25 de noviembre del 2019
Juan 20:11-18
Reconociendo la voz del Maestro
“Jesús le preguntó: Mujer, ¿por qué lloras? ¿A quién buscas?”
Juan 20:15
¿Por qué una persona llora? Puede llorar porque tiene hambre, porque está con algún tipo de dolor, por haber quedado sin empleo o por haber perdido a alguien muy querido.
Para muchos, llorar es una demostración de debilidad, para otros puede significar una demostración de fuerza, principalmente si llora en público, pero las lágrimas no deben impedirte para ver la realidad.

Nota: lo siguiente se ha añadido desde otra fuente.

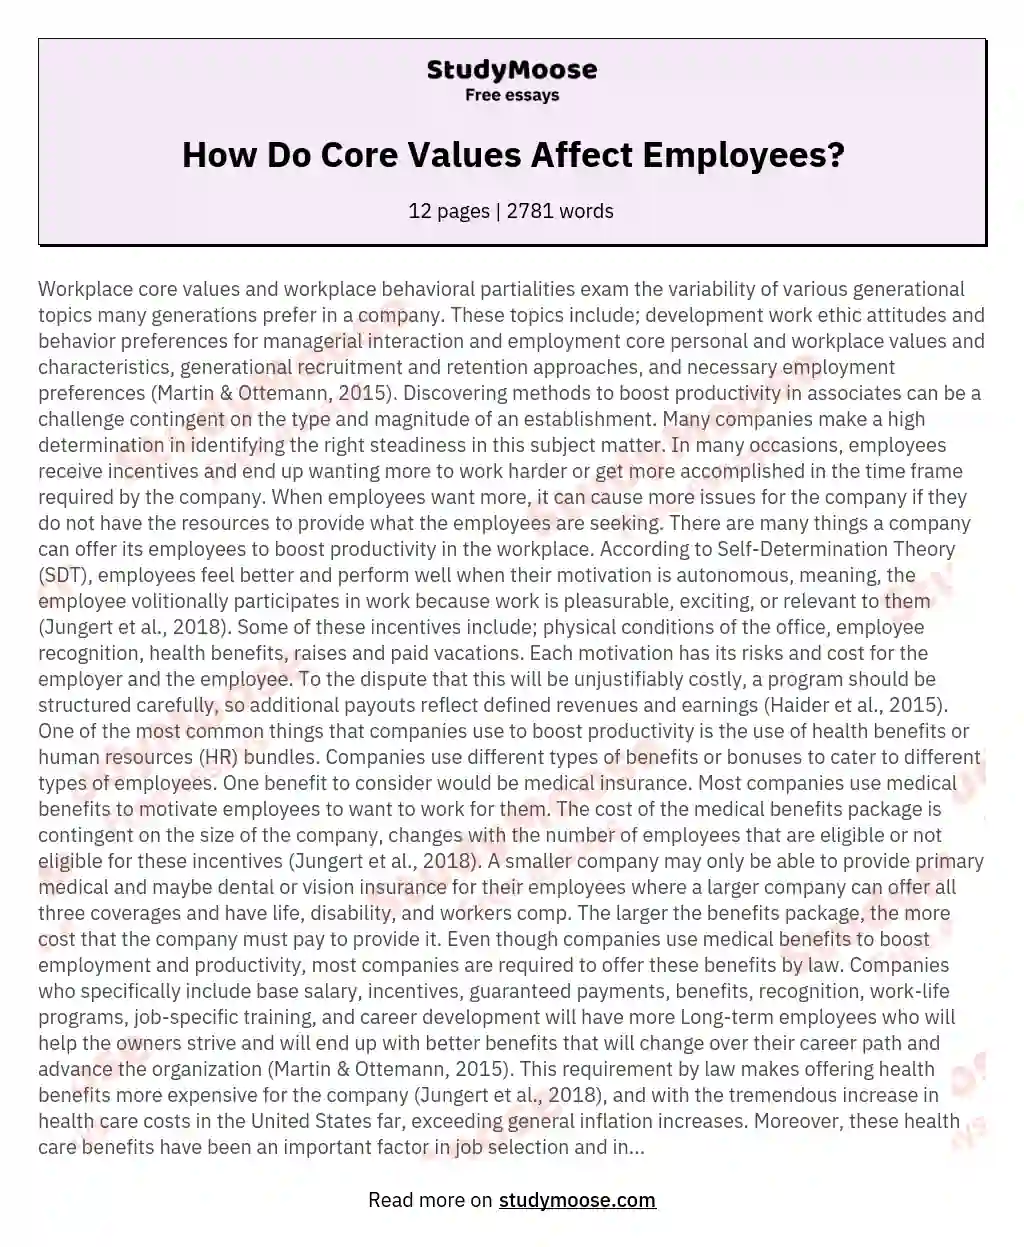 How Do Core Values Affect Employees? essay

María Magdalena quería ver con sus propios ojos donde Jesús había sido enterrado. Ella se quedó afuera, junto al sepulcro, llorando. Y llorando como estaba, se agachó para mirar dentro. Entonces escuchó una voz, y pensando que era la voz del hombre que cuidaba el huerto, le dijo: “Señor, si usted se lo ha llevado, dígame dónde lo ha puesto, para que yo vaya a buscarlo.”
Jesús entonces le dijo: “¡María! Ella se volvió y le dijo en hebreo: ¡Rabuni! (que quiere decir: «Maestro»)” Aquí en este punto sucede algo maravilloso, aunque un poco tarde. Desde el punto de vista humano, la oveja reconoció la voz de su pastor y eso es lo que importa.

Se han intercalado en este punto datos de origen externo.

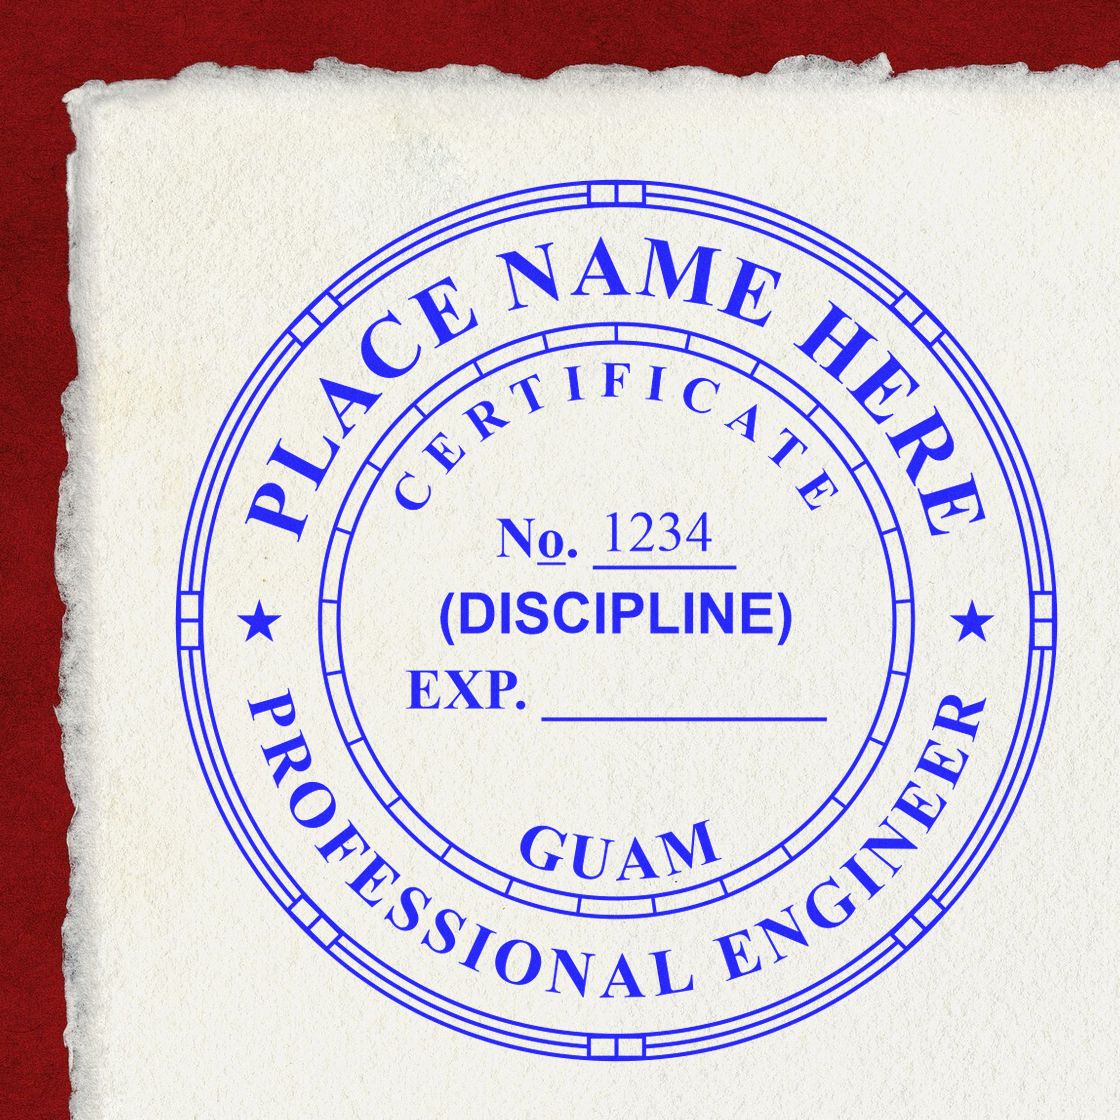 An alternative view of the Guam Professional Engineer Seal Stamp stamped on a sheet of paper showing the image in use

Jesús se presenta a nosotros todos los días de muchas y diversas maneras. Es responsabilidad de nosotros estar listos para atender su llamada y reconocer sus promesas de vida eterna. Déjame escuchar tu voz, Señor.
Ayúdame, bondadoso señor, a reconocer tu voz y a seguirte por dondequiera que vayas. Amén.